Open-cycle systems use warm surface water directly. The warm seawater is pumped into a low-pressure container, which causes it to boil. The steam is desalinated in the low-pressure container, and when it is condensed by cool deep-ocean water (just as in the closed-cycle system), fresh water is obtained and can be used as drinking water.
Clean energy for tropical countries
The efficiency increases with the temperature gradient, and a differential of at least 20 degrees is needed for the technology to be viable. Therefore, OTEC is primarily an alternative in tropical waters close to the equator – about one third of the ocean surface.
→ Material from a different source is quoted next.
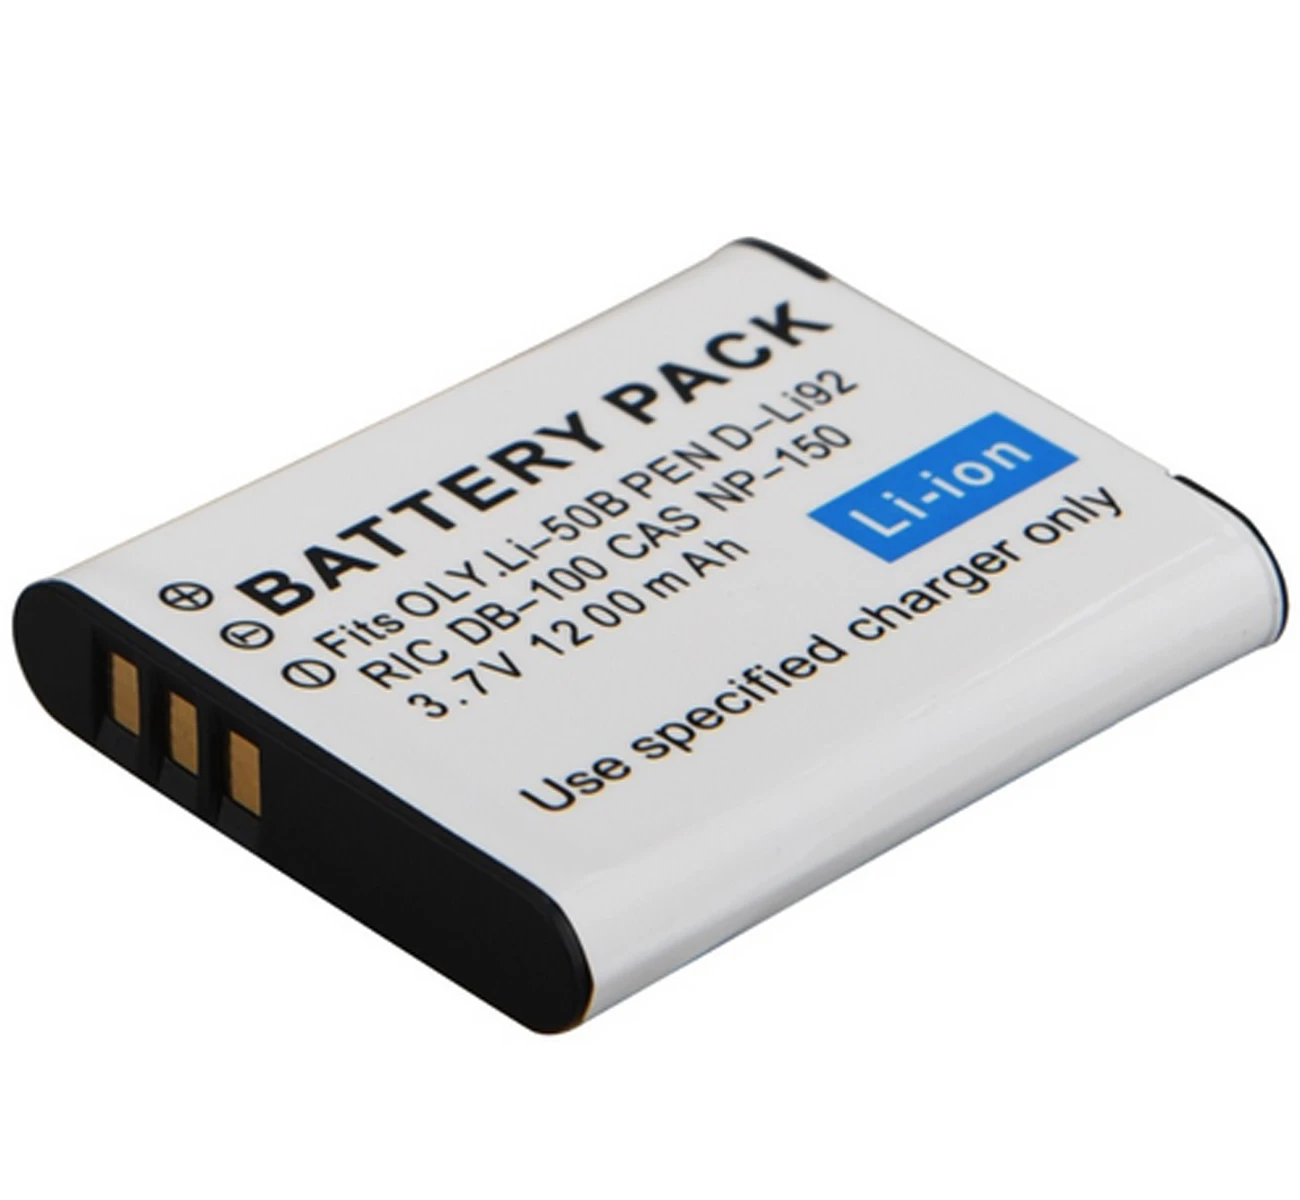 gids Net zo shit Battery Pack for Olympus Stylus Tough TG 610, TG 620, TG 630 iHS, TG630,  TG830 iHS, TG850, TG860, TG870 Digital Camera|Digital Batteries| -  AliExpress

The technology could be of special importance to a group of developing countries known as SIDS. These Small Island Developing States are particularly exposed to the dangers of global heating, and are often heavily dependant on imported fossil fuels for their energy security. But OTEC also has the potential to supply regions with a large and growing population, such as China, India and Brazil, with the energy they need to replace fossil fuels.
The by-products: drinking water, food and cooling
OTEC plants are able to produce a number of synergistic products beside the electricity. Desalinated fresh water is one of them – and the amounts can be substantial. Actually, an OTEC plant would likely be able to supply as many people with drinking water as with electricity. This is an important benefit, since water security often is a problem in tropical regions.
Once the cool deep water has been brought to the surface, it can be used for other purposes as well before being returned to the sea. To provide cooling, for instance – or to supply fish farming or microalgae culturing with nutrients. Since the deep sea water is free from pathogens and rich in nutrients and minerals, it makes sense to combine the power plants with aquaculture facilites. If the nutrients are not used purposely, the water might instead cause an unintended eutrophication of upper layers when it is released.
Continous power in pace with demand
Unlike many other renewable energy sources, OTEC is not intermittent but has potential to provide baseload electricity, day and night and year-round. The ocean serves as a levelling power storage facility, making the Sun’s energy available regardless of current weather conditions. This is a major advantage in comparison with solar cells, for instance. OTEC is actually most efficient at the same time that the electricity demand peaks – in the summer, when more air conditioning and cooling is needed.
Of course there are hurdles to overcome, as well – such as the sheer volume of water to bring up from the depths. A larger 100 MW facility may require a pipe with a diameter of 10 meters to reach a depth of a kilometer, while withstanding the aggressive conditions in the water. And the heat exchangers need to be dimensioned accordingly.
If these difficulties can be overcome, OTEC has a very large resource potential. More studies are needed to determine just how much power could be produced without beginning to affect the heat structure and currents of the oceans – but according to simulations, at least half of the current global energy demand could be met with no harm caused.
Future large-scale facilities might look like archipelagos of floating islands, where OTEC plants are combined with aquacultures, greenhouses and additional wind, wave and solar power generators helping to power the OTEC pumps.
OTEC is still an expensive technology in its infancy. It has to be developed further before it will be able to compete with the more established renewable energy technologies. Nevertheless, the large potential, the baseload capability and the possible synergies make a strong case for it. We are likely to see more and more small scale facilities pop up in the tropics in the years to come; it will be a chance for the technology to prove its worth.
The article was published in March 2016.